Cet amendement est assorti d'un sous-amendement n° 200, présenté par M. Charasse, et tendant à compléter in fine la première phrase du texte proposé par cet amendement par les mots suivants : « telles qu'elles sont évaluées au dépôt du projet et rectifiées, s'il y a lieu, pendant sa discussion par le Parlement ».
Par amendement n° 263 rectifié, MM. Fréville, Arthuis et Badré proposent de compléter l'article 27 par un alinéa ainsi rédigé :
« Cette présentation doit être cohérente avec le projet de loi de financement de la sécurité sociale, le programme résultant des engagements européens de la France et l'ensemble des informations et prévisions économiques et financières fournies au Parlement. Un rapport spécifique de cohérence est joint à tout projet de loi de finances. »
La parole est à M. le rapporteur, pour défendre l'amendement n° 90.
M. Alain Lambert, rapporteur. Nous commençons bien cette séance de nuit avec un si beau principe, celui de la sincérité !
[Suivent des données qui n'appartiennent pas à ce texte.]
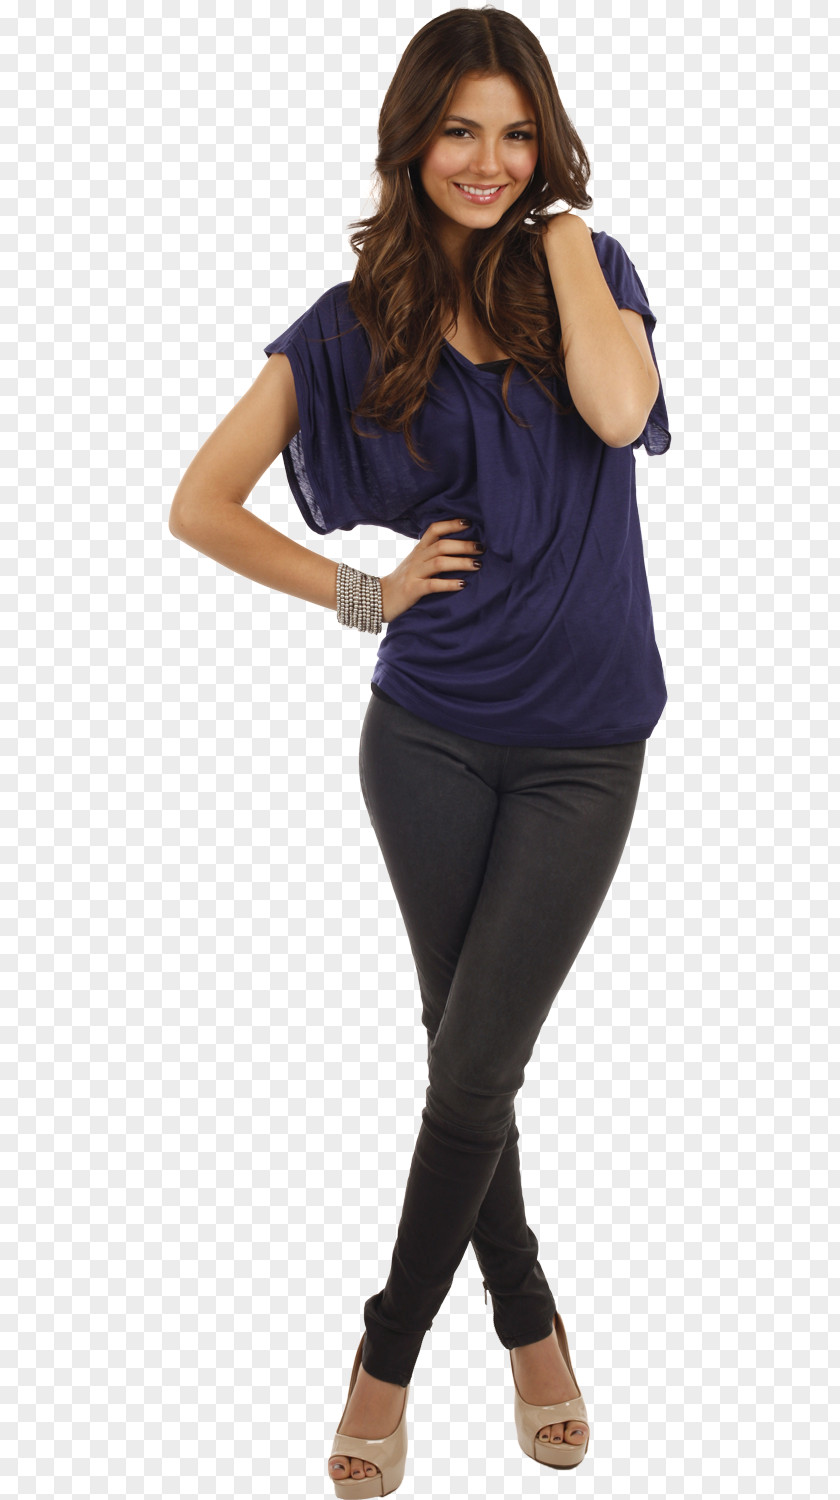 Actor Victoria Justice Zoey 101 Female Nickelodeon PNG

L'amendement de la commission des finances est modeste puisqu'il est rédactionnel : il vise à distinguer la sincérité d'une loi de finances et la manière dont elle s'apprécie.
Si le principe de sincérité doit être affirmé de manière générale, il convient, en revanche, de tenir compte des informations disponibles afin d'en apprécier le respect. On voit là toute la sagesse sénatoriale !
M. le président. La parole est à M. Charasse, pour défendre le sous-amendement n° 200.
M. Michel Charasse. L'amendement de M. le rapporteur étant, selon lui, rédactionnel, mon sous-amendement tend à insérer une précision dans son amendement rédactionnel.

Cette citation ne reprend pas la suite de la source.